Evaluation of construction components with eco-friendly recycled concrete with artificial neural network modeling approach and adaptive neural fuzzy inference system optimized with meta-heuristic algorithm

Document Type : Research Paper

Authors

1 PhD candidate, Islamic azad university, roudehen branch

2 Department of civil engineering, Roudehen Branch, Islamic Azad University, Roudehen, Iran

10.22124/jcr.2025.29506.1689

Abstract

]n this study, modeling with environmentally friendly recycled concrete construction components has been investigated. To model the compressive strength of recycled concrete, two methods of artificial neural network and adaptive neural fuzzy inference system were used. Then, in order to increase the performance of smart methods and prevent the trial and error approach to achieve the most optimal parameter values of each model, the particle swarm optimization algorithm was used. The data of the mixing plan from the research background to create the proposed models were 201 laboratory data that were collected to estimate the compressive strength of recycled concrete. Then, to determine the best input parameters to the model, four scenarios were defined, from which the best scenario was selected. Also, for this index, the ANFIS-FCM method is more accurate than the rest of the neurophasic based methods. In the test phase, the artificial neural network method based on the particle swarm algorithm had a better performance than the ANN method.

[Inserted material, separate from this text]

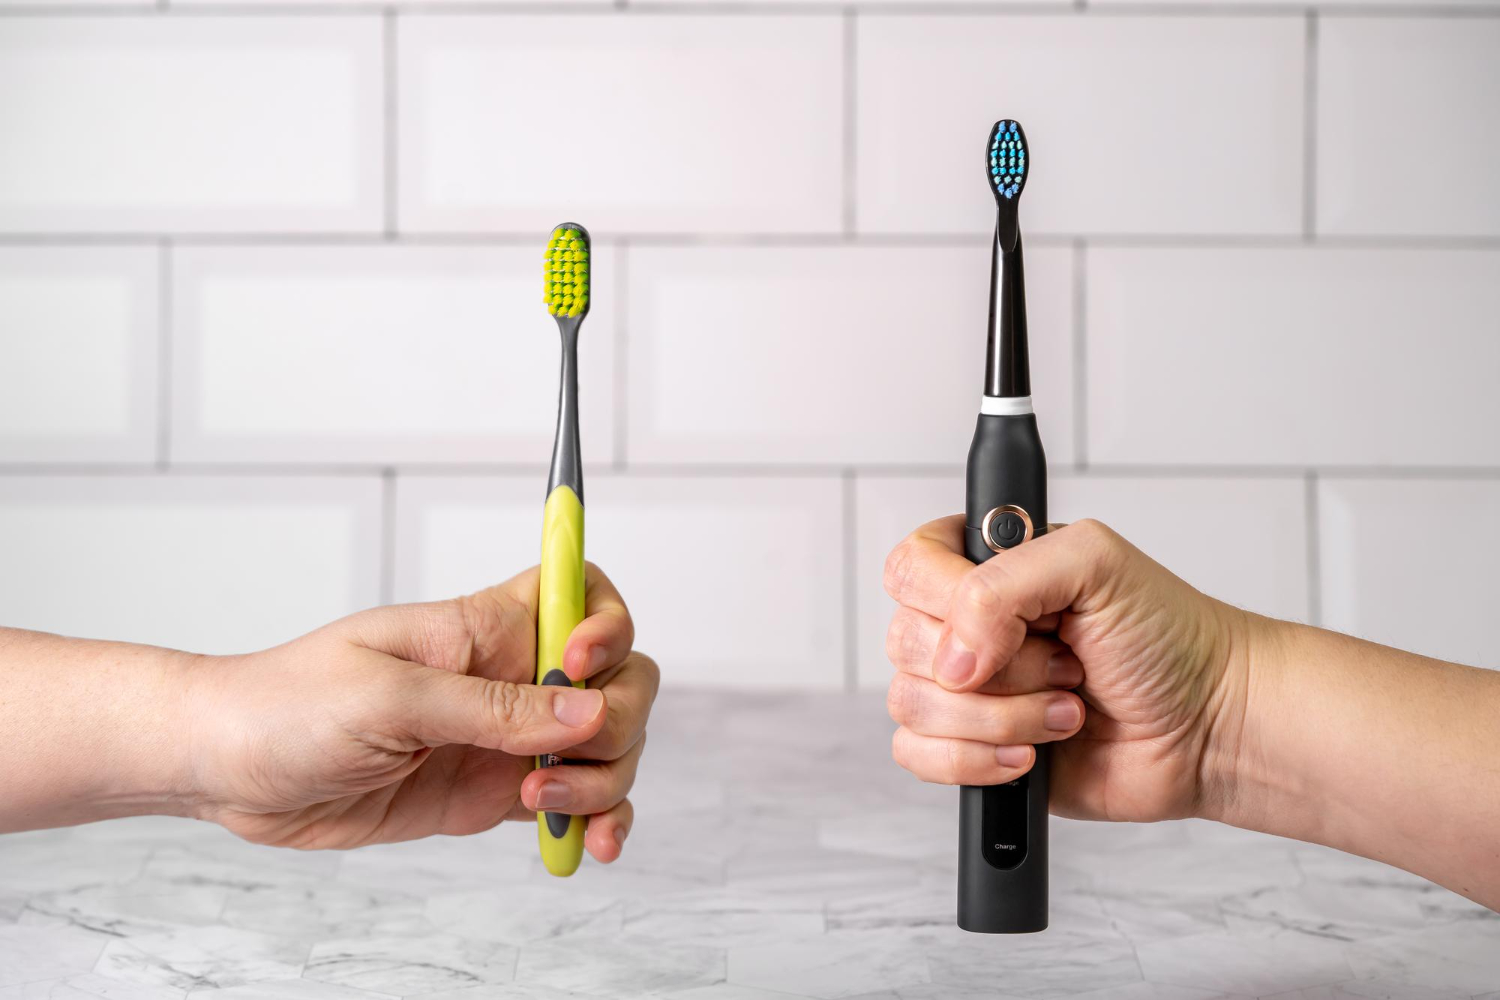 Cepillos de dientes: ¿dudas entre elegir uno manual o uno eléctrico?

However, the ANFIS-FCM-PSO method performed slightly weaker than the ANFIS-FCM method in the training phase, but it performed better than the rest of the proposed methods in the test phase based on the three presented indicators. The results of the uncertainty analysis indicated that the proposed method had a very small margin of error in the term of average prediction. Also, among the proposed intelligent methods, the ANFIS-FCM-PSO method has better performance than other models with a slight difference.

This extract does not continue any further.